HIPAA Privacy Rule and HIPAA Security Act
The HPR addresses the saving, accessing and sharing of medical and personal information of any individual, while the HSA more specifically outlines national security standards to protect the health data created, received, maintained or transmitted electronically.
PCI-DSS (Payment Card Industry Security Standard Data)
This standard is comprised of twelve regulations designed to reduce fraud and protect customer credit card information, which includes network security, vulnerability management, and the overall protection of cardholder data.

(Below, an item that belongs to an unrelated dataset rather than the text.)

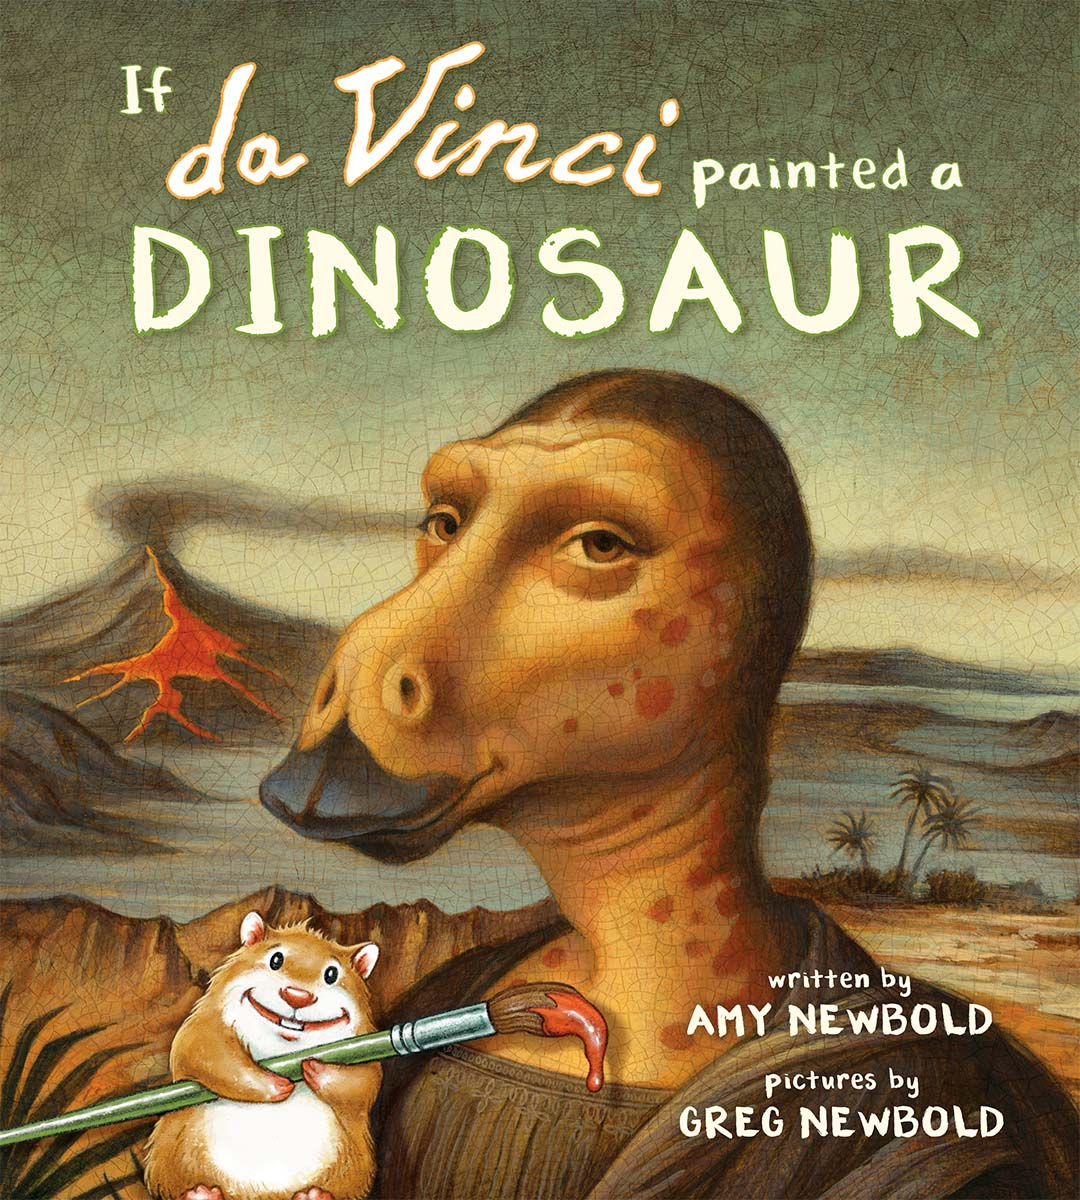 If Da Vinci Painted a Dinosaur by author Amy Newbold

SOX (Sarbanes-Oxley Act of 2002)
This legislation protects the public from fraudulent or erroneous practices by corporations and other business entities. The goal of the legislation is to increase transparency in the financial reporting by corporations and to require a formalized system of checks and balances in each company. Within this act are requirements for formal data security policies to protect all stored and utilized financial information that are both communicated and enforced.
Questions to Consider
According to the 2019 State of SMB Cyber Security Report, commissioned by Continuum, cyber-attacks cost small businesses more than $50,000 per incident on average, with larger companies losing considerably more money. The survey also uncovered more than 60% of these organizations don’t have an in-house security expert to dedicate to handling threats or breaches—or even maintaining their security solutions.
When beginning your search to help close the gap created by lack of security, there are some questions to consider when implementing the best security solutions at the best price point for your business:
- How many full-time employees are at your business?
- Are your employees, including executives, trained on cybersecurity?
- What pieces of technology or what services do most of the heavy lifting for your company when it comes to security? Who manages that?
- When was the last time you were audited?
- What was the result of your last audit (if applicable)?
- When was the last time you completed a security assessment?
- Do you have an incident response plan?
If yes: How was that created to be specific to your end users, your industry, and your customers?
If no: Why not? - Do you have any specific concerns, such as changing IT security and compliance regulations?
If so, which ones? - Have you experienced any public or known business challenges, such as a data security breach or major outage?
- Do you have disaster recovery (DR) or business continuity (BC) strategies in place?
- What is the state of your company’s current cybersecurity strategy and plan?
- What is the process for selecting the security solution or tool to address your cybersecurity challenges?